Le conditionnement opérant (Skinner)
B.F. Skinner a décrit un autre type d’apprentissage : le conditionnement opérant. Ici, l’animal agit volontairement pour obtenir une récompense (ou éviter une punition). C’est le système des renforcements positifs (friandises, jouets, jeux de mordant) et des renforcements négatifs (retrait d’une pression désagréable).
Aujourd’hui, la majorité des méthodes de dressage moderne reposent largement sur ce conditionnement opérant. On apprend au chien à « travailler » pour obtenir une récompense extérieure : sa balle, sa nourriture, son boudin, son jeu de mordant. Ces méthodes fonctionnent très bien techniquement, et permettent d’obtenir des comportements complexes et précis.
Le risque d’une relation « transactionnelle »
Pourtant, cette approche très opérante a une limite : le risque de centrer toute la motivation du chien sur l’objet de récompense, et non sur la relation avec le maître. Le chien exécute l’ordre pour obtenir sa balle, et non pour le plaisir de faire plaisir à son maître.

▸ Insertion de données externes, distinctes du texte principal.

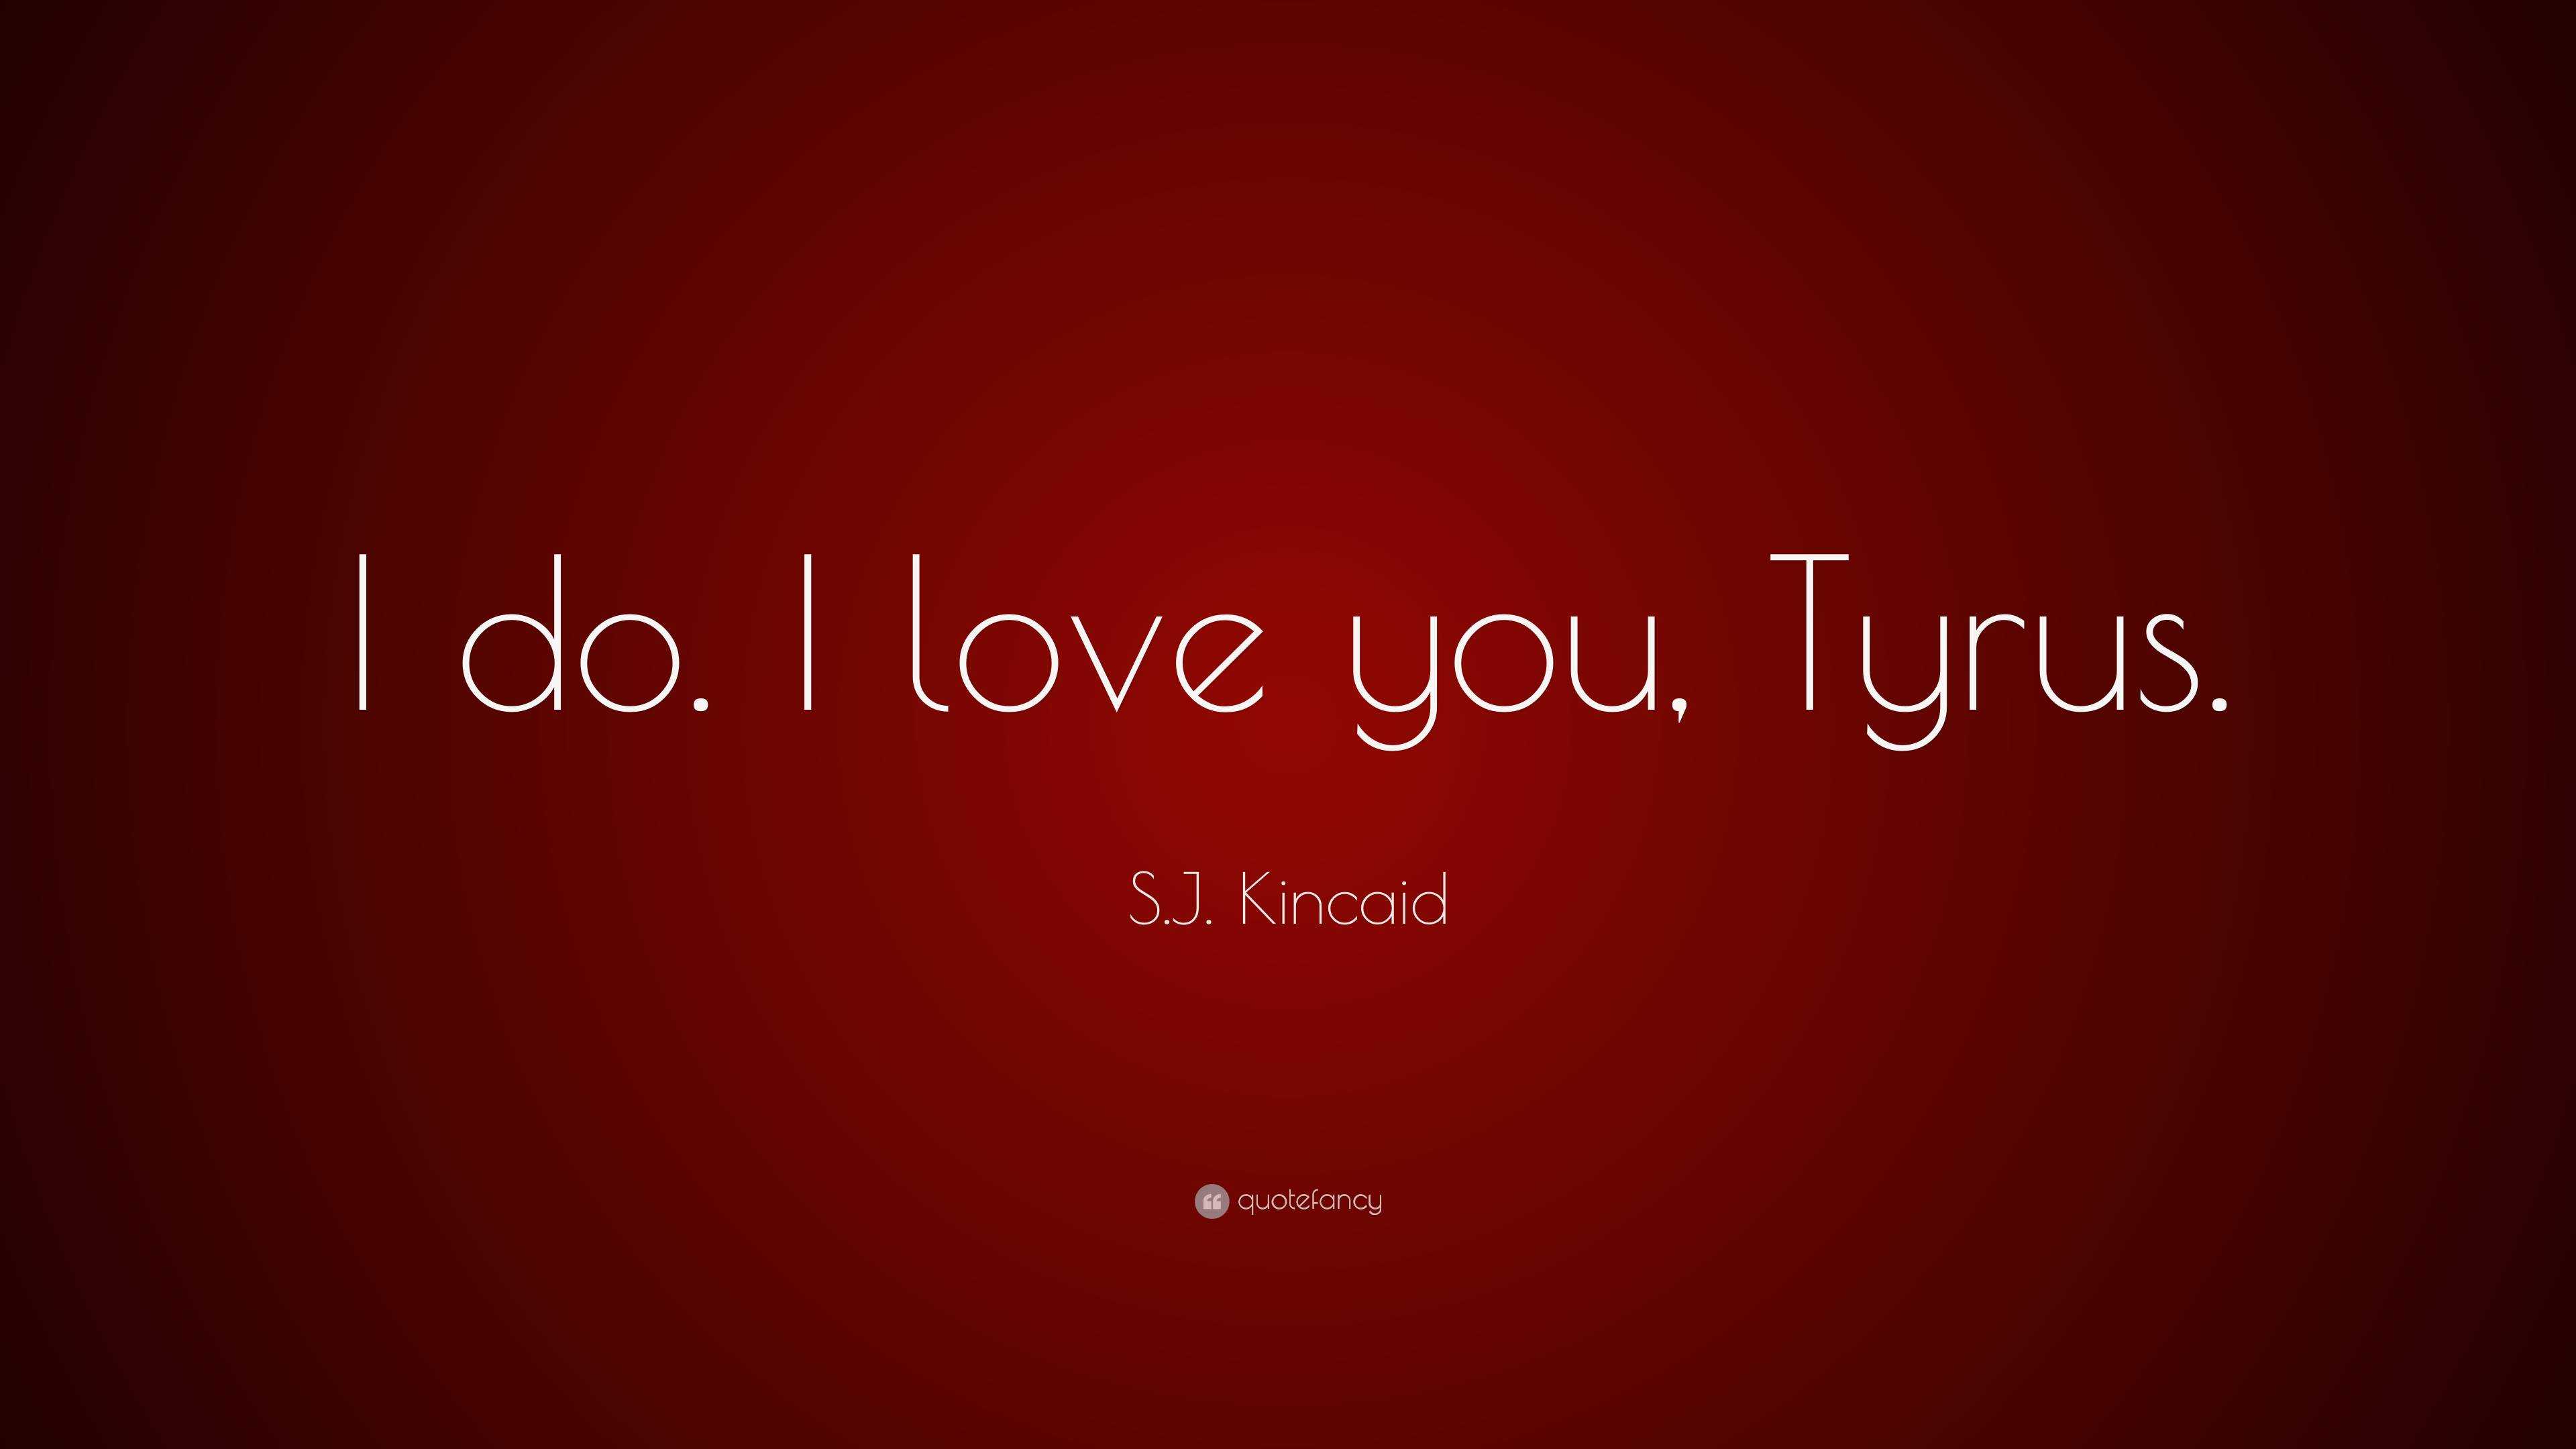 . Kincaid Quote: “I do. I love you, Tyrus.”

Or, le chien, en tant qu’animal social, descend d’un animal de meute dont la coopération avec le groupe est un besoin fondamental.
Bien utilisé, le conditionnement Pavlovien permet de renforcer puissamment cette dimension affective et sociale.

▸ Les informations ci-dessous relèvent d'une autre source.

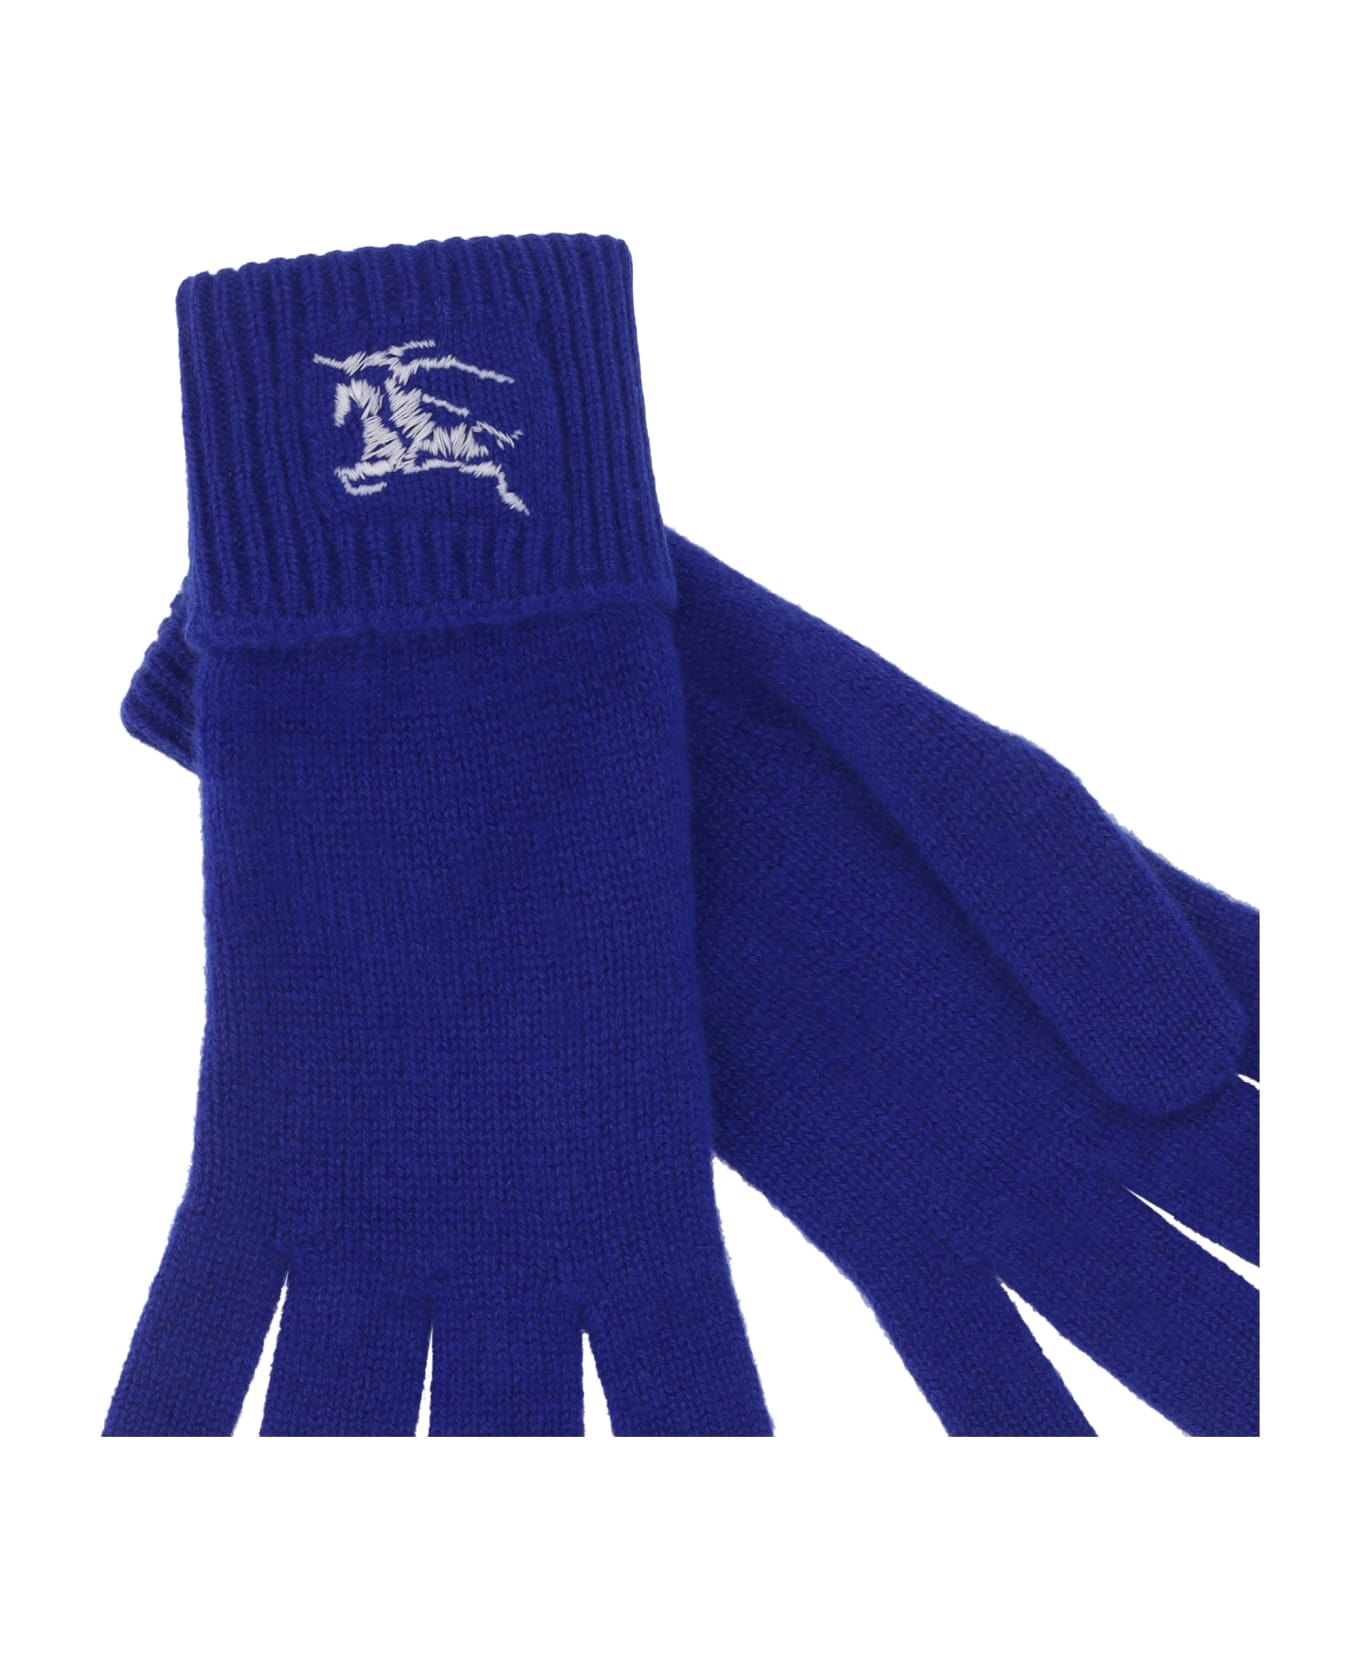 Burberry Gloves - Blue 手袋

Une caresse, ou même un regard approbateur associé à une intonation chaleureuse peuvent déclencher chez le chien la libération d’ocytocine et d’endorphines — les hormones du plaisir social et de l’attachement.
Le chien apprend alors que le simple fait de satisfaire son maître est, en soi, source de plaisir, voir d’un plaisir supérieur à celui d’une récompense extérieure (balle, boudin, friandise…) .
Une piste d’équilibre
Idéalement, une éducation canine équilibrée devrait intégrer ces deux dimensions. Le conditionnement opérant est précieux pour apprendre les comportements. Mais le conditionnement classique permet de donner un sens émotionnel à ces comportements : faire plaisir à son maître devient, pour le chien, une fin en soi.
C’est probablement sur cet équilibre que reposent les meilleures relations maître-chien : un chien qui travaille bien et surtout qui travaille pour et avec son maître.